Another great practice you can teach kids and do with them is to become aware of your senses prior to the actual act of eating. Before you take your first bite of food, start by appreciating your meal with your other senses. Notice the colors, shapes, and textures with your eyes. Then savor the

aroma by bringing a small portion to your nose and inhaling deeply. Let that first morcel brush your lips, linger on your tongue and then meet your teeth. As you taste your meal for the first time, observe your emotional response to the food - are you joyful, curious, surprised, nostalgic? Think about how nourished your body will be by eating this delicious and nutritious meal. By awakening your senses, you can practice developing a more peaceful relationship with food.

STEP 4: COUNT TO 20+

Chewing thoroughly is one of the most potent ways to eat. The more we chew, the more saliva we create to help pass food particles into the stomach. There, food mixes with our stomach acid and continues through the gut, where nutrients get absorbed and waste eventually gets eliminated. We’ve all been culprits of gobbling down our food - or even worse, taking a bite just before talking and doing both at the same time! It’s a good practice to count to between 20 and 30 and swallow when your food is fully disintegrated, and it makes for a fun game with your kids. Our brains need time to recognize the act of eating, and the hormones in our gut need to be stimulated in order to regulate hunger. When we ingest too quickly, there is a tendency to overeat. Plus, the process of digestion won’t go smoothly, and undigested particles can leak into circulation and cause inflammation. So practice taking smaller bites, let a dining partner do the talking while you chew, and start your countdown.
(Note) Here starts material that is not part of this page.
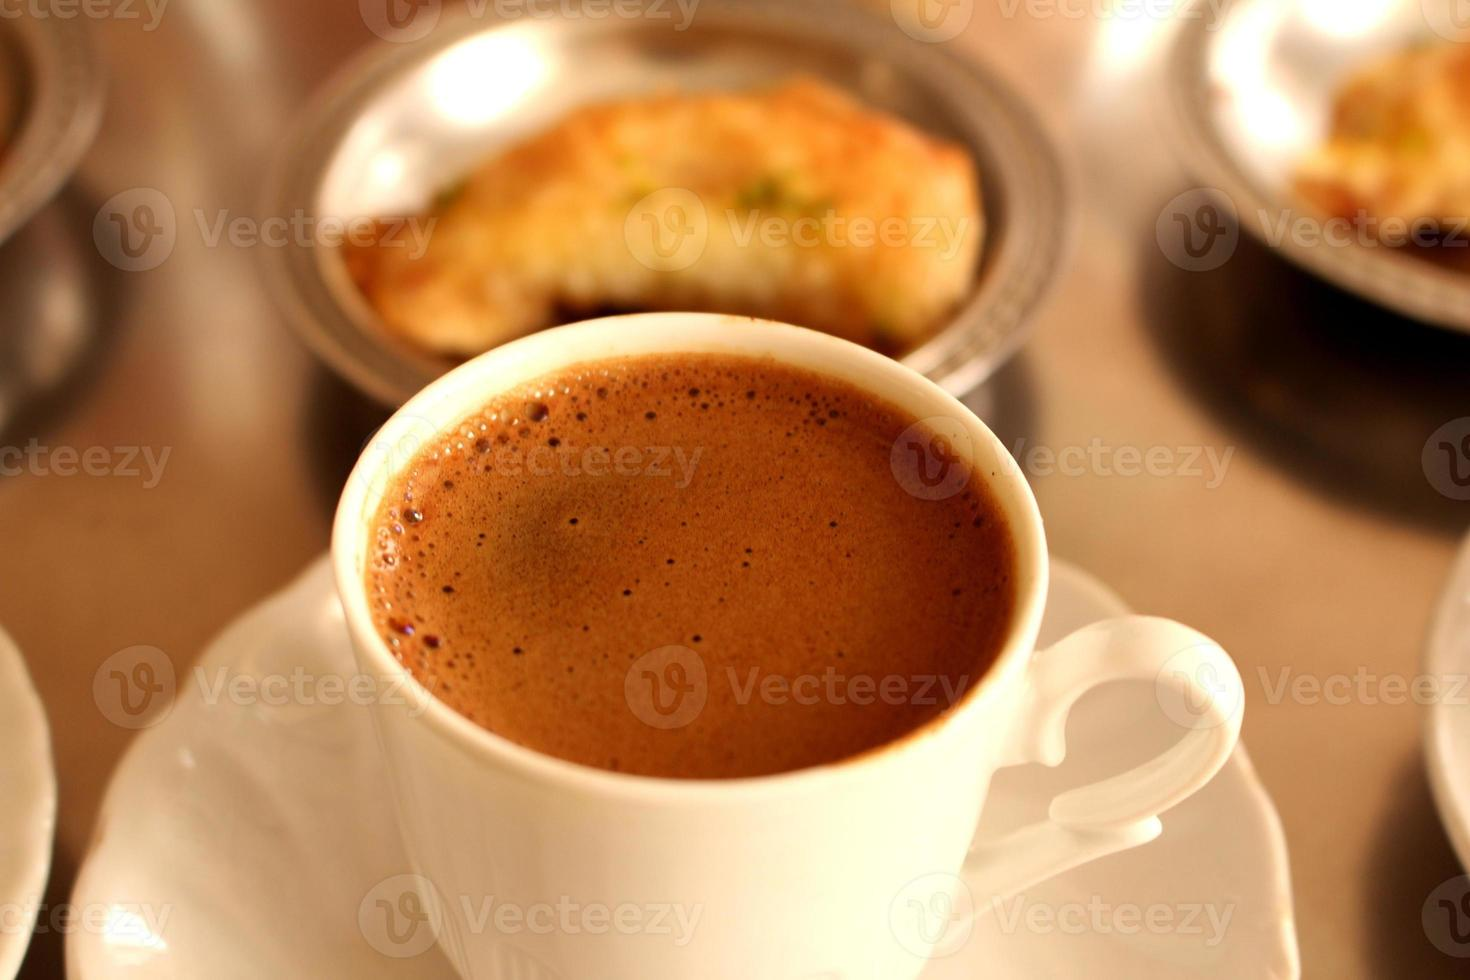 frisch gebrühter türkischer Kaffee foto
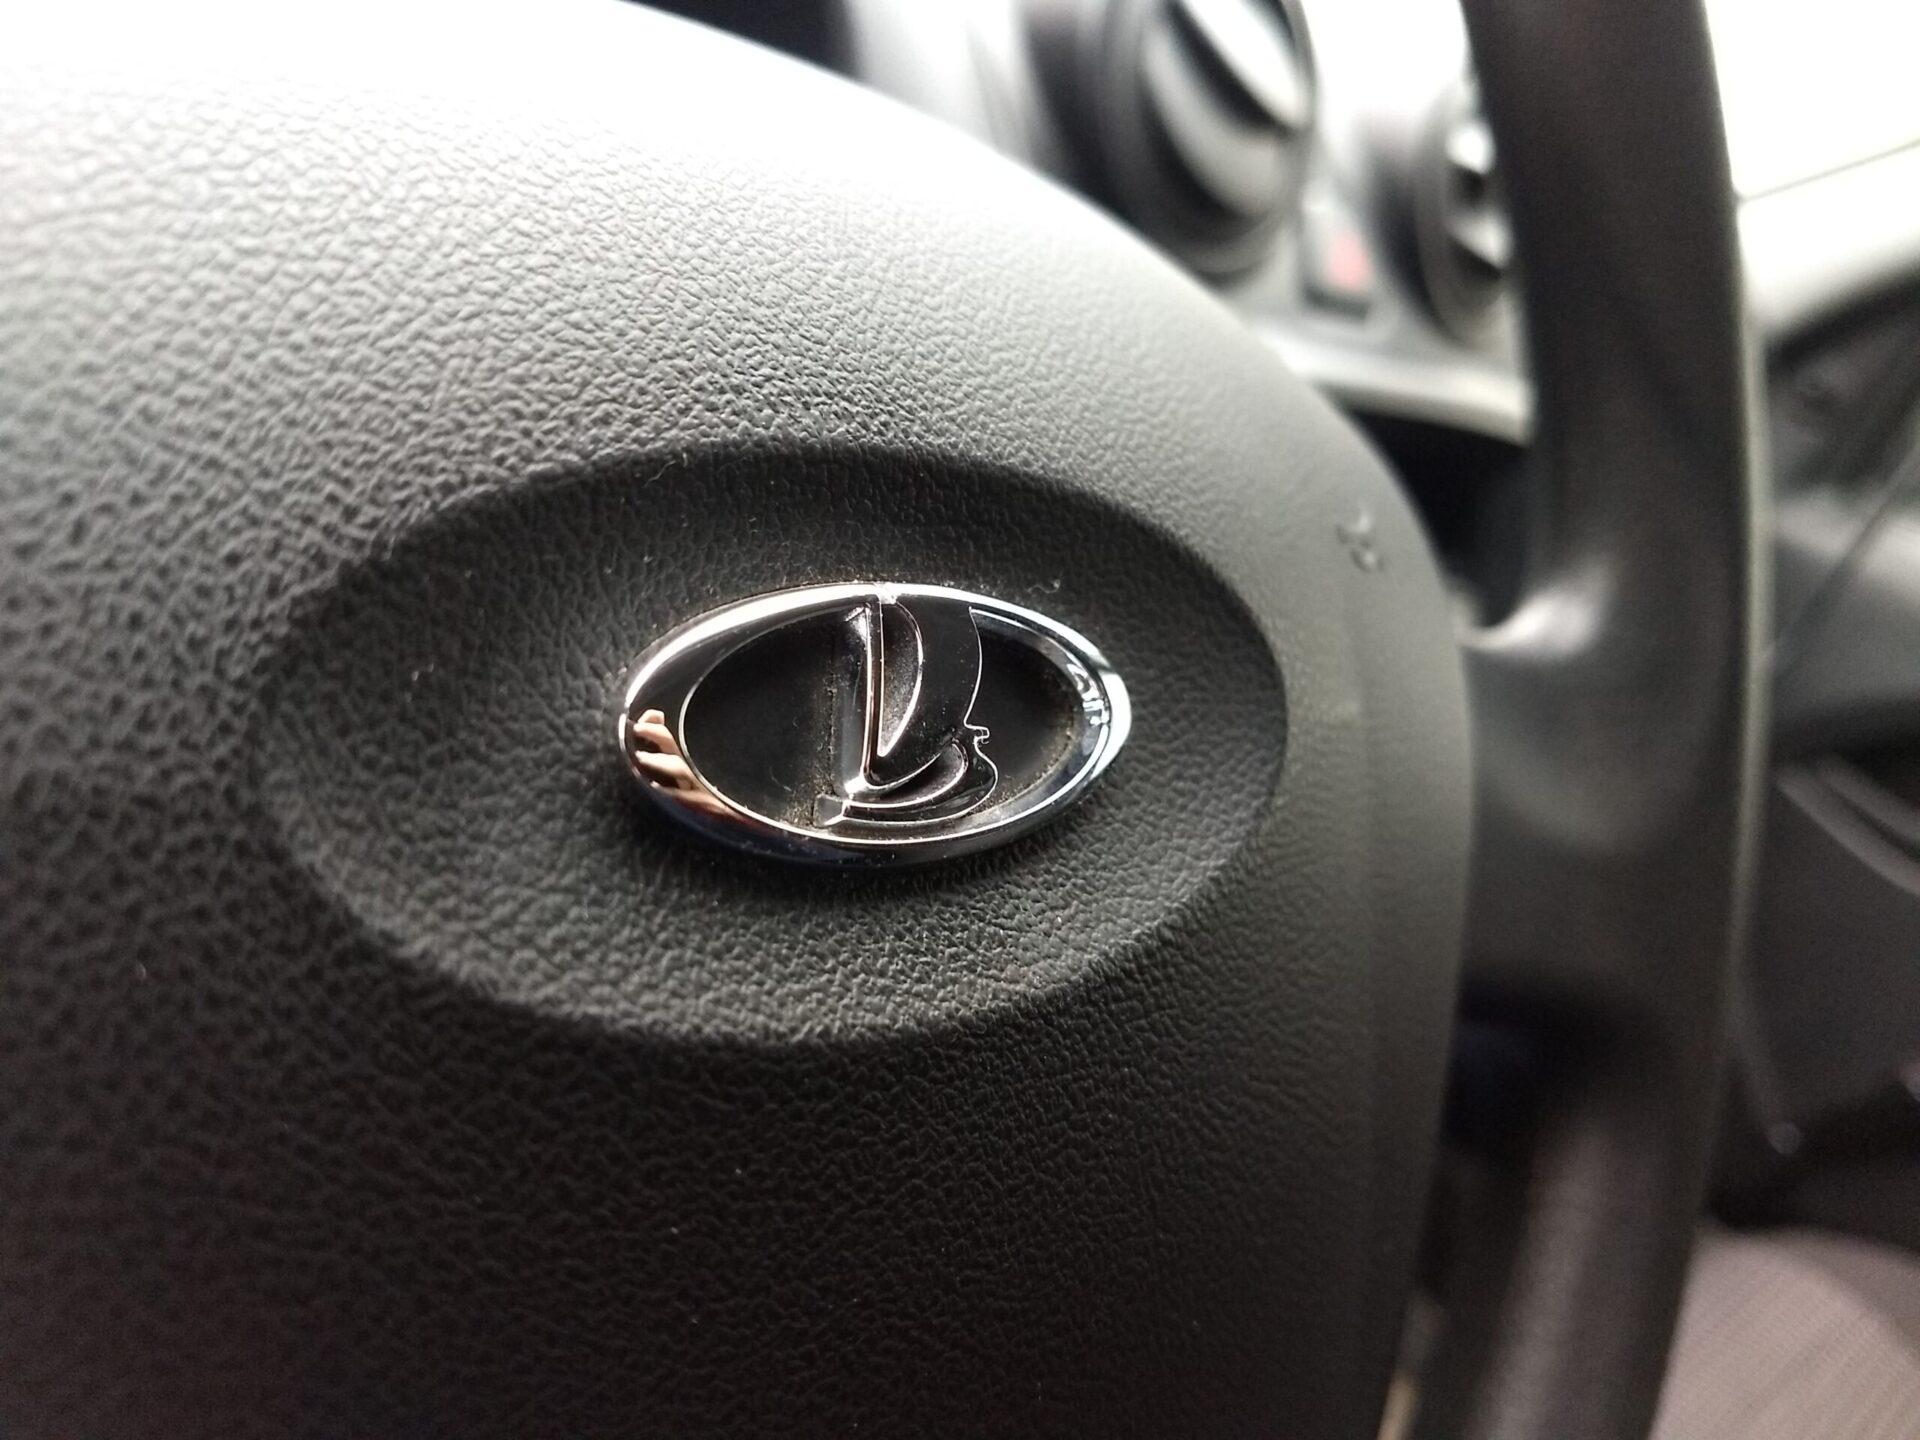 АвтоВАЗ снова повысит цены на автомобили LADA с 1 июля 2021 года

STEP 5: WHEN YOU FEEL FULL...STOP!

Overeating is the easiest way to throw off a child's metabolism and put unnecessary strain on their digestive system. Learning to stop eating when you feel satiated (think full not stuffed) is a mindfulness practice that will prevent weight gain as well as digestive issues during growth and development. Take a few moments between bites to pause, breathe deeply, and assess how you feel. If you’re nearing a clean plate, take an extra breath and ask yourself if you feel full and satisfied yet. Try to also keep drinking to a minimum while eating - small sips of water are

best, as you may experience bloating and a false sense of fullness by gulping a beverage between bites of food, then experience a sense of hunger later.